1974 Sebring Vanguard Citicar

By Jeremy Wilson

At the turn of the century, electric vehicles were outselling gasoline and steam cars combined, and no wonder. Gasoline cars were smelly, hard to start, deafeningly loud, and their transmissions were difficult to shift. Steam cars were heavy, dangerous, required frequent water refills, and could take the better part of an hour to warm up. Battery powered cars, on the other hand, were quiet, smooth, and relatively easily driven by men and women.

Over the next decade, sales of both electric and gasoline cars increased--but gasoline car manufacturers gobbled up market share as their customers began taking longer trips. Falling fuel prices and mass production put gasoline-powered cars within reach of the general public and by 1935 the electric car industry was virtually dead.

In 1974 electric car production experienced a brief resurgence, notably with the CitiCar (manufactured in Sebring, Florida) and the Elcar (by Zagato of Milan, Italy).

An excellent example of a 1974 CitiCar was recently displayed at the Columbia River Concours d’Elegance in Vancouver Washington. Showing the car (for its owner) was Bill Price, the vehicle’s restorer over the last five years.

“My neighbor bought the car seven or eight years ago,” said Price. “It was in a woman’s garage and she wanted to get rid of it. There were two or three of them left from a dealership and my neighbor acquired this one.”

A background in electrically-driven equipment led Price to begin restoring the CitiCar.

“It was sitting in my neighbor’s shop and the tires were flat. I said, ‘Let’s get going on it,’ and he said, ‘It’s electric, nobody is interested in it,’ so I talked him into letting me take on the project. I started by getting it back on its wheels and fixing the brakes. Pistons were not available for the brakes so we had to manufacture them--and other parts--ourselves.”

The CitiCar had only 800 miles on it making the restoration easier as the mechanical parts did not have much wear.

“We rebrushed the motor and turned the commutator and made sure it was true. The controller had some wiring problems but they were a minor issue. We replaced the battery cables and installed new batteries, which have been in place for five years.”

The CitiCar’s body was in good shape but the front of the vehicle was weathered.

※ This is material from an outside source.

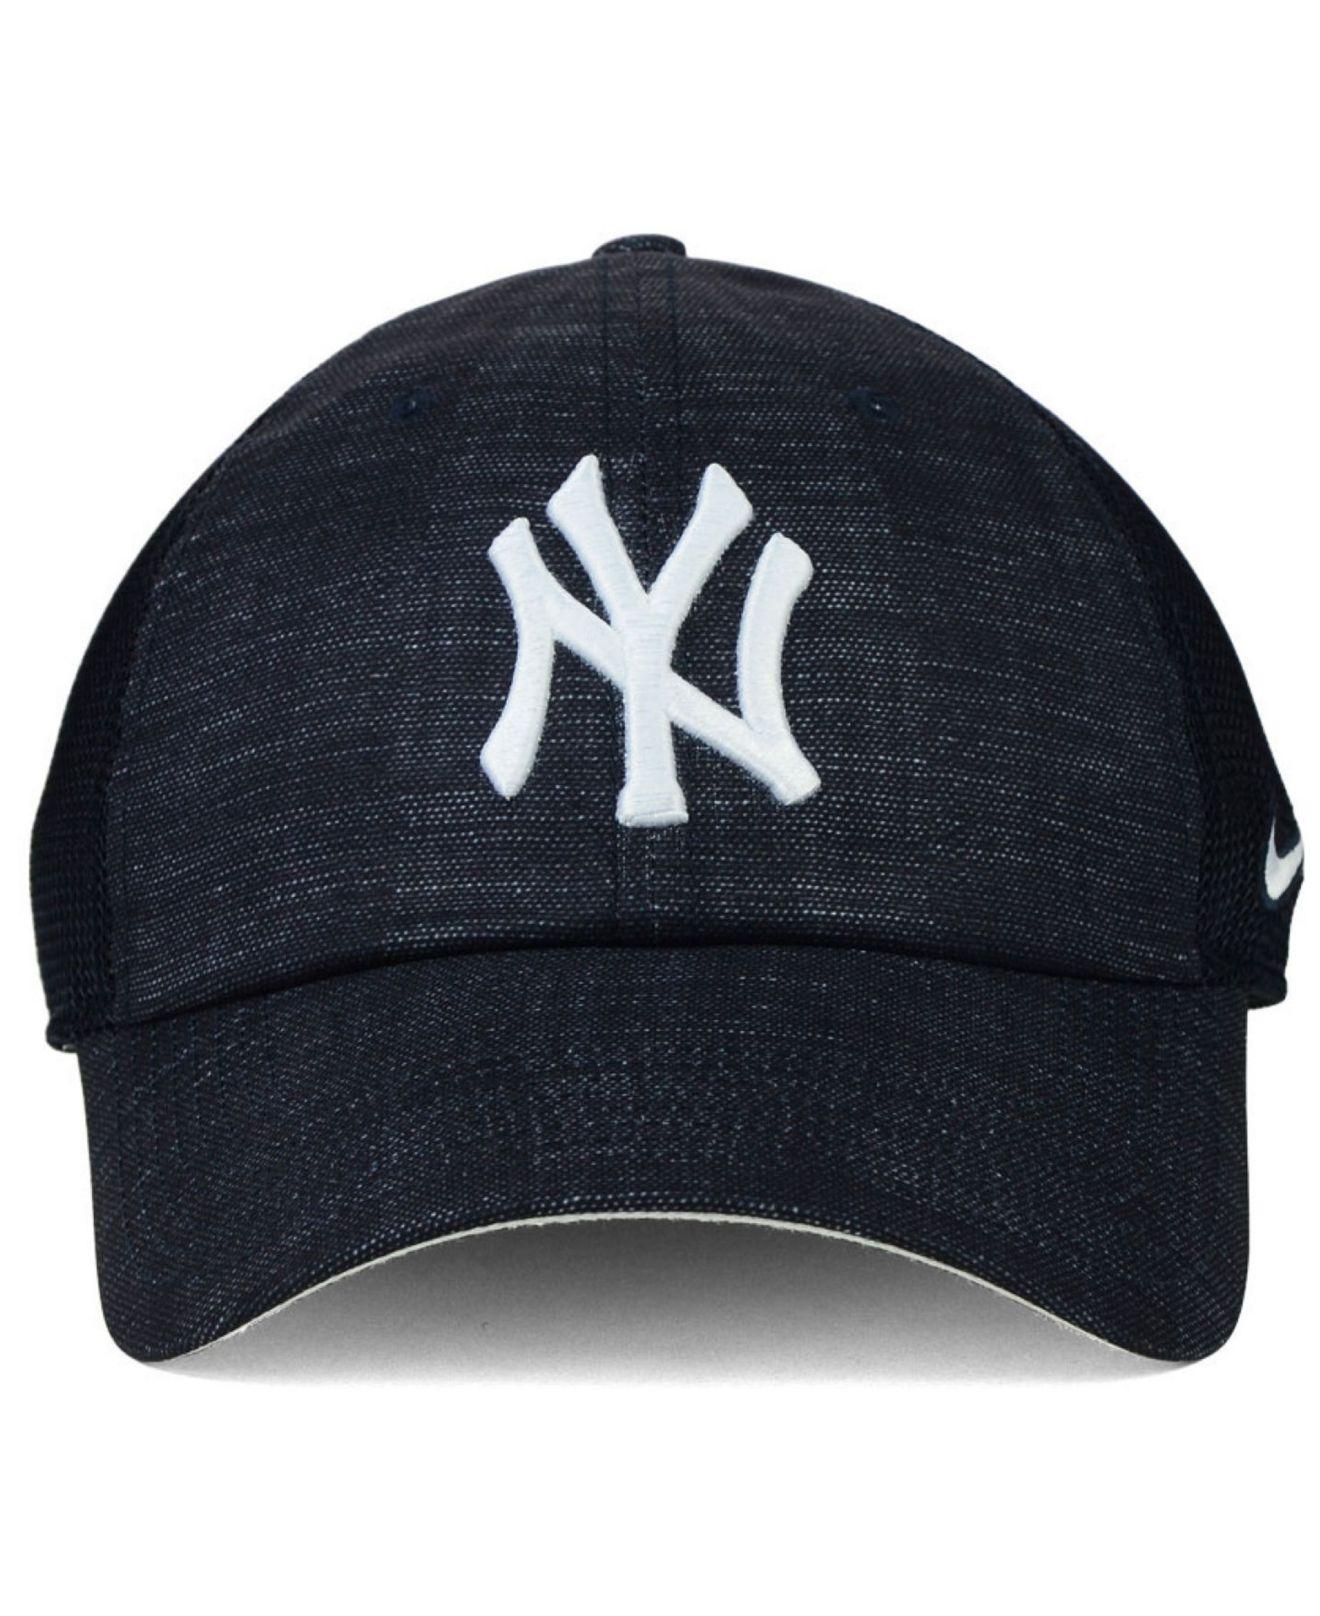 nike new york yankees dri fit adjustable cap in blue for. Black Bedroom Furniture Sets. Home Design Ideas

“The paint is original except for the nose piece,” said Price. “We prepped it and painted it with two stage paint. And I put a new windshield in it because the old one was sun damaged.”

The instrument panel has only two gauges: a speedometer and a volt meter.

“The volt meter tells us what the battery voltage is in the pack,” said Price. “It drops off as the batteries run down. You get used to it--like the fuel gauge in a gas-powered car.”

This CitiCar is powered by eight six volt, deep-cycle golf cart batteries. It will cruise at 35 miles per hour and go about 20 miles between charges. The eight batteries are arranged in two packs, each supplying 24 volts. When the accelerator pedal is depressed, a series of micro switches are activated. The first runs the packs in parallel for a total of 24 volts but decreases power to the motor with a NiChrome ribbon resistor, taking the car up to 11 mph. The second switch closes a solenoid that bypasses the resistor, taking the car up to 23 mph. The third switch runs the packs in series, for a cruising speed of 35 mph.

Bill Price was in the industrial service business for 45 years, much of that at Hyster Company, so he has plenty of experience with electric motor controllers. He’s looking forward to upgrading the Citicar with an Alltrax solid state controller and a modern motor.

“I’m hoping one day to go to a three-phase AC vector control motor and that will be a real benefit. It will be faster with just the motor speed itself. It will turn 3000 RPM (as opposed to 2000 RPM now) and it will be at a higher voltage.”

At this point, you might be wondering what it would be like to drive a CitiCar. In one magazine article the reviewer felt cramped, claiming that the rear-view mirror was just inches from his right ear. But Bill Price has a different take.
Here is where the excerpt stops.